PROBLEM REQUIREMENTS:
Please transcribe the listing below in full, exactly as written, leaving out its pictures.

SUPPLIED INFORMATION:
※ ※ ※

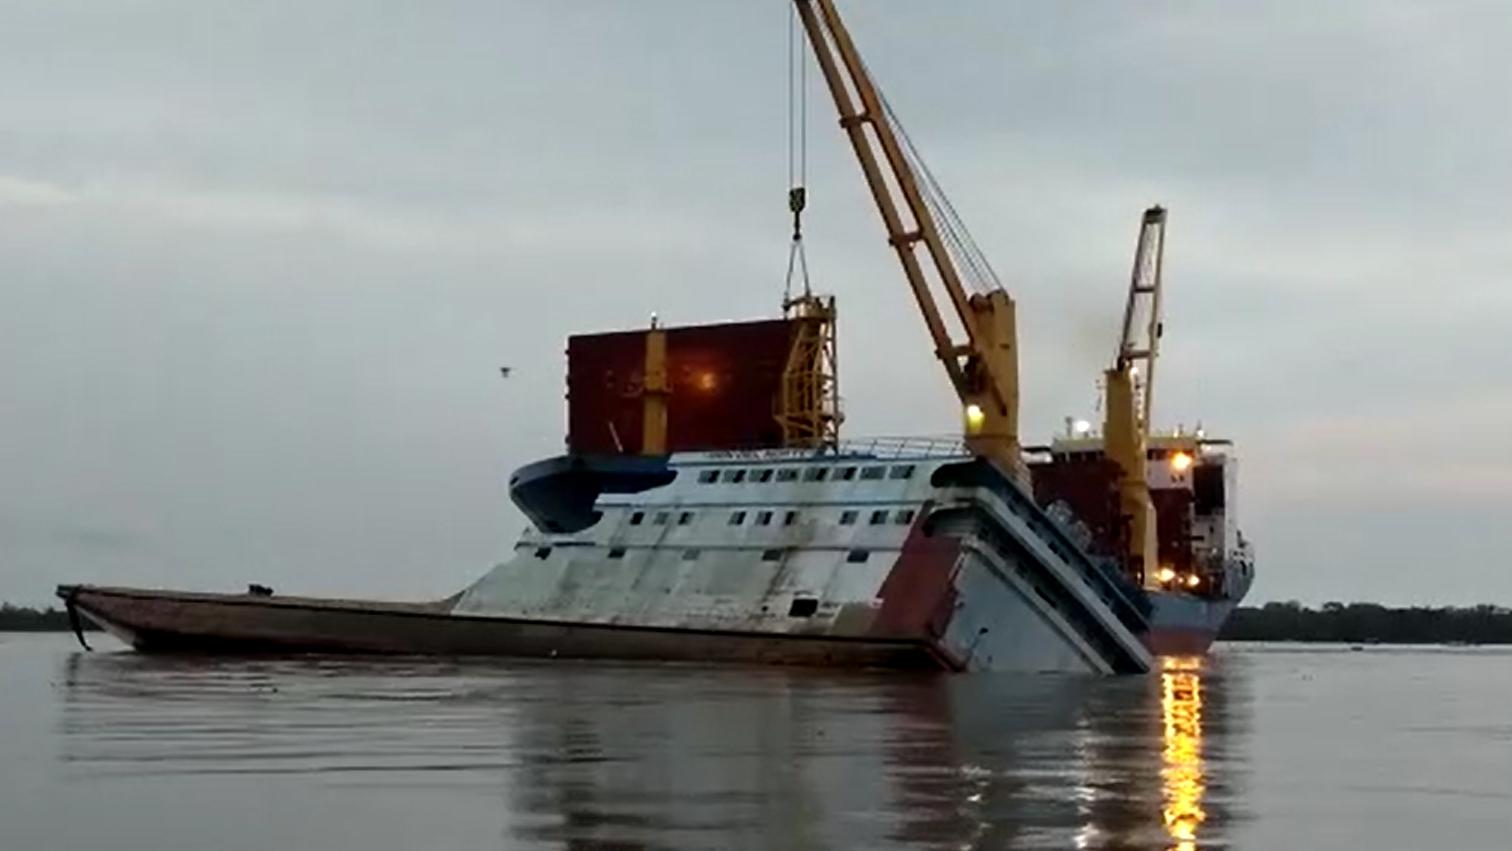 Las embarcaciones se empezaron a hundir tras la colisión.
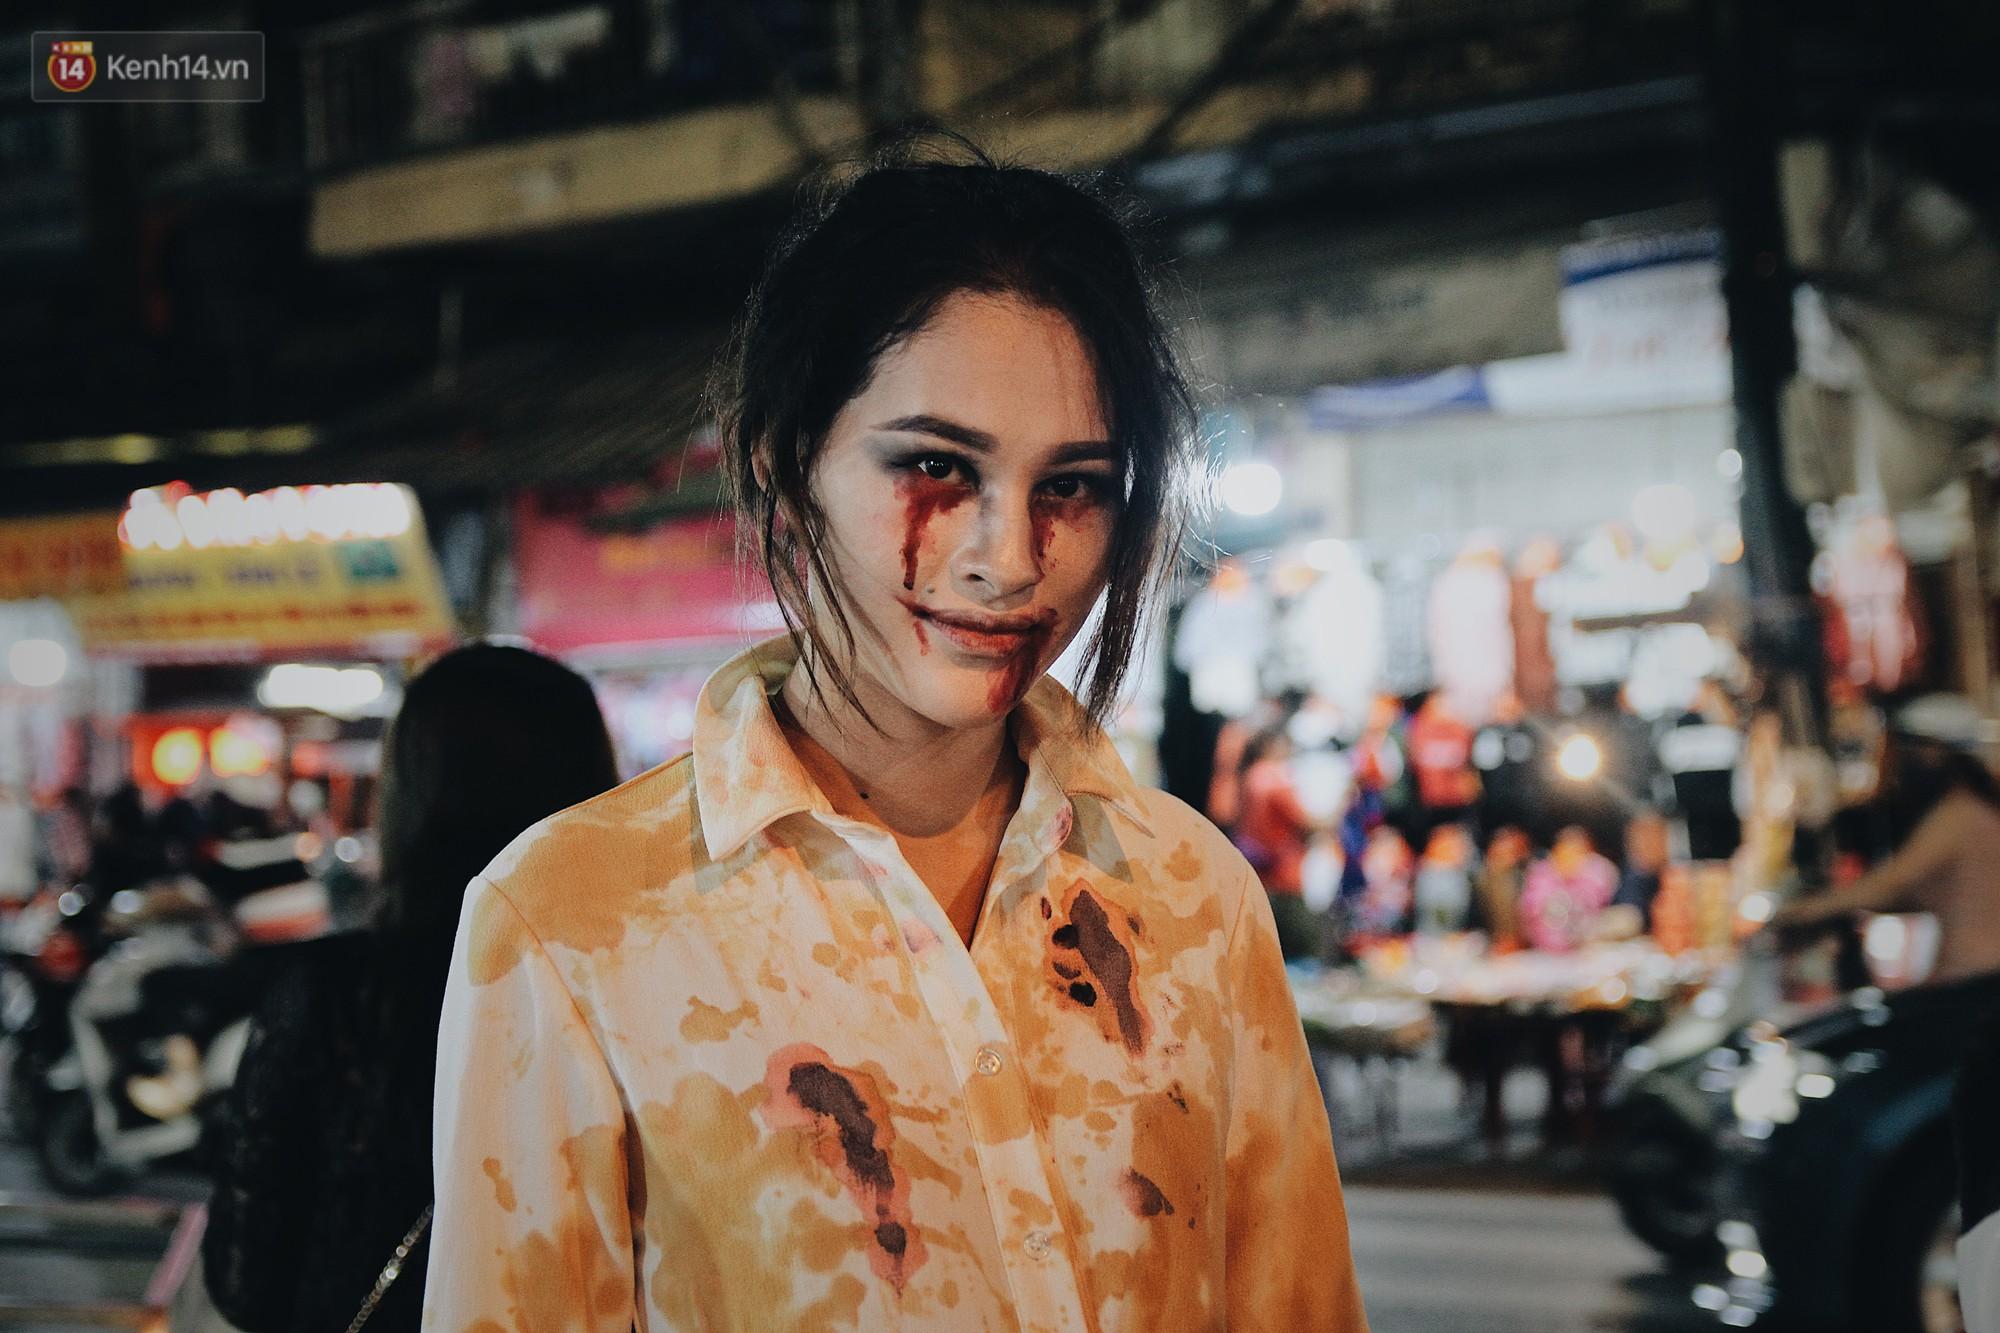 Hình ảnh Halloween tại phố Hàng Mã Hà Nội- Ảnh 7.
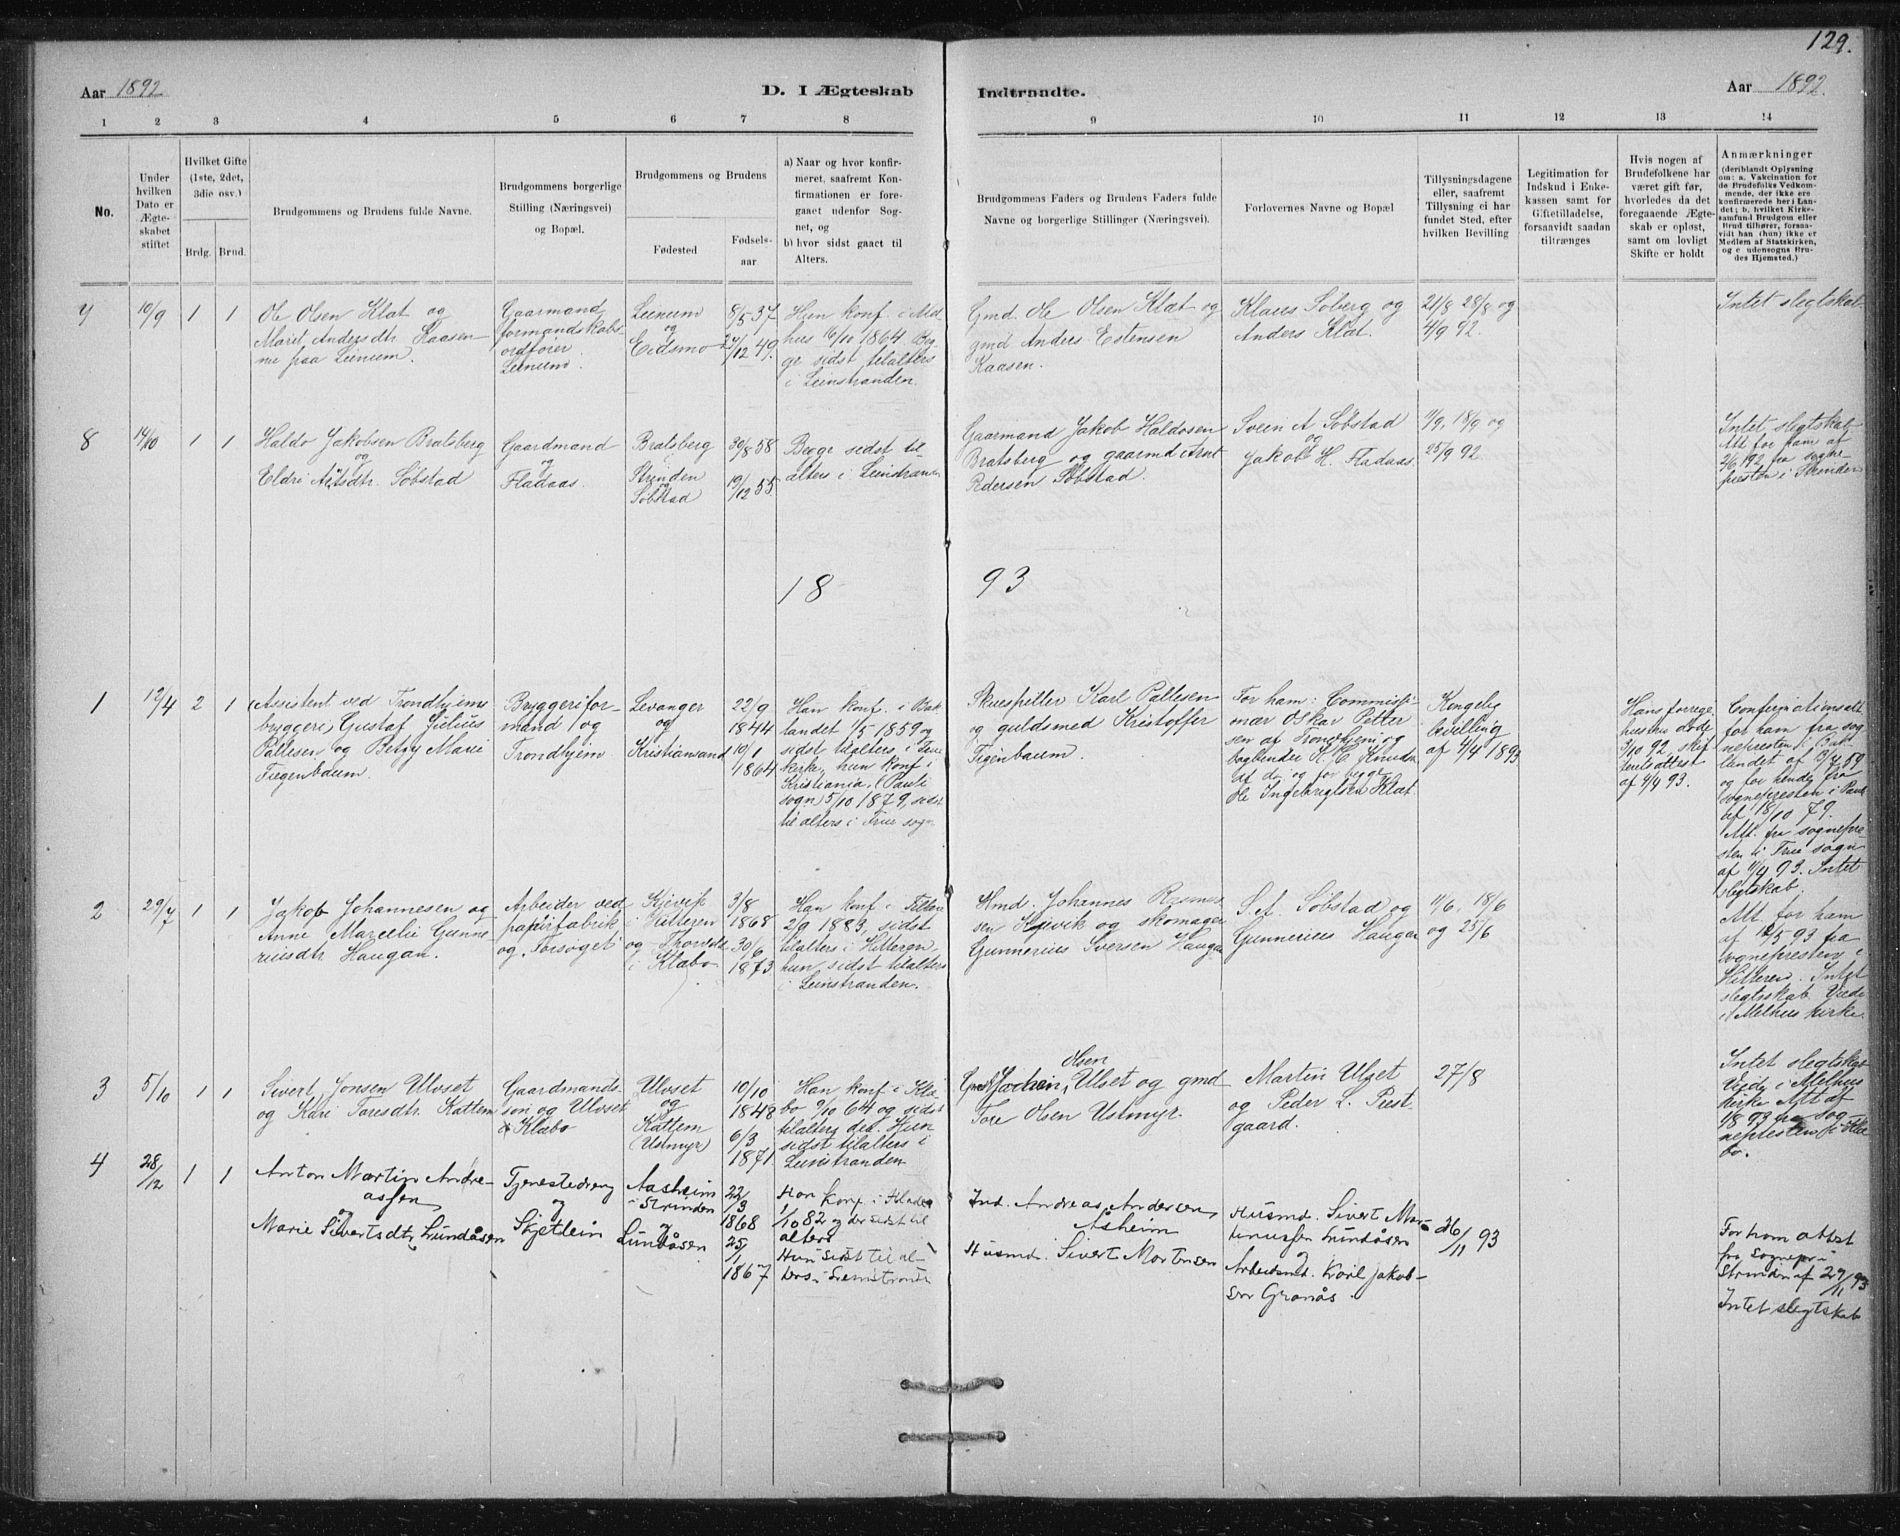 SAT, Ministerialprotokoller, klokkerbøker og fødselsregistre - Sør-Trøndelag, 613/L0392: Ministerialbok nr. 613A01, 1887-1906, s. 129
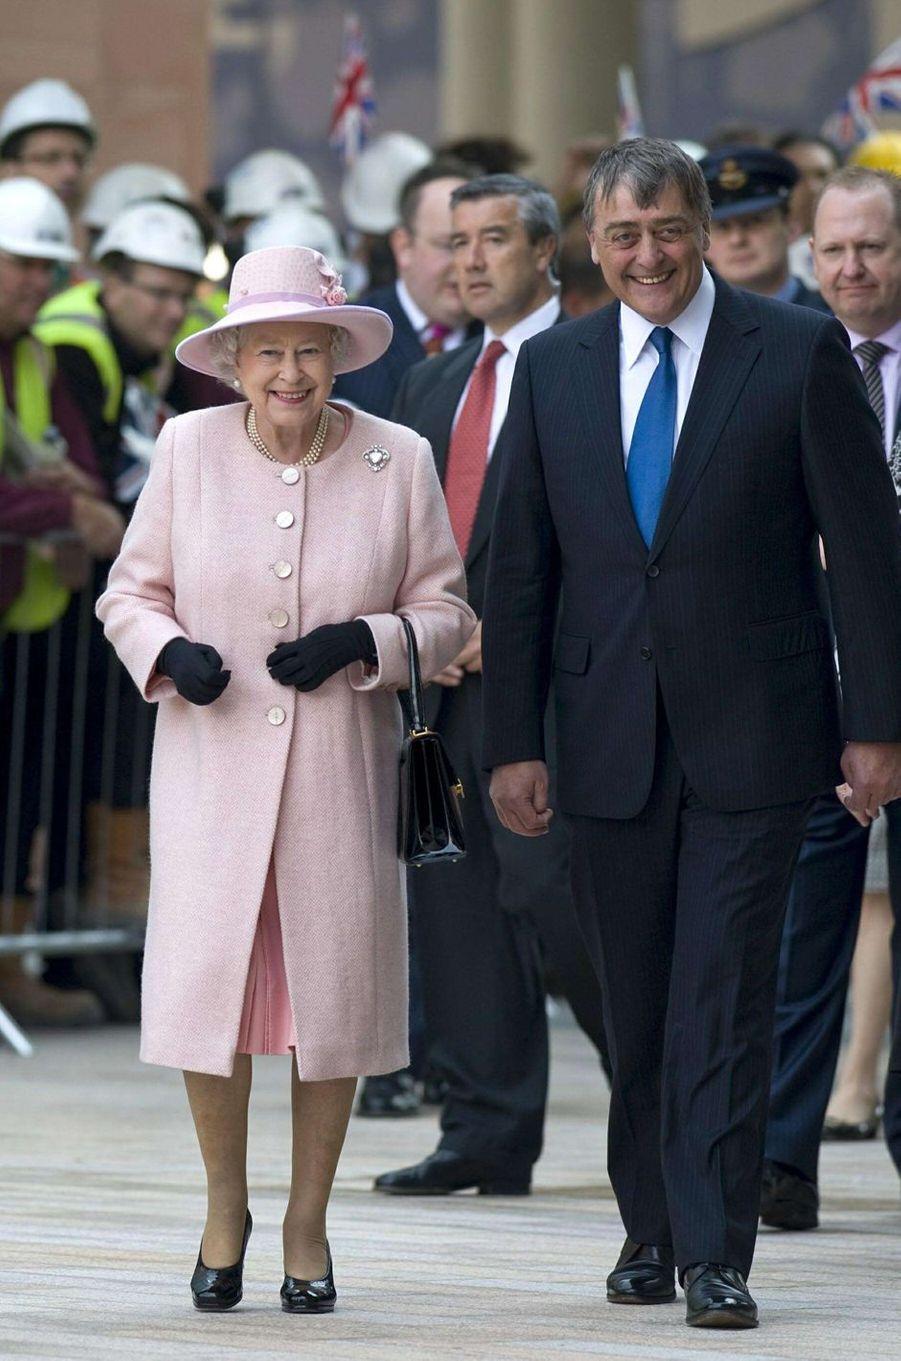 La reine Elizabeth II avec le duc de Westminster à Liverpool, le 22 mai 2008

※ ※ ※

YOUR SOLUTION:
 Las embarcaciones se empezaron a hundir tras la colisión.
 Hình ảnh Halloween tại phố Hàng Mã Hà Nội- Ảnh 7.
 SAT, Ministerialprotokoller, klokkerbøker og fødselsregistre - Sør-Trøndelag, 613/L0392: Ministerialbok nr. 613A01, 1887-1906, s. 129
 La reine Elizabeth II avec le duc de Westminster à Liverpool, le 22 mai 2008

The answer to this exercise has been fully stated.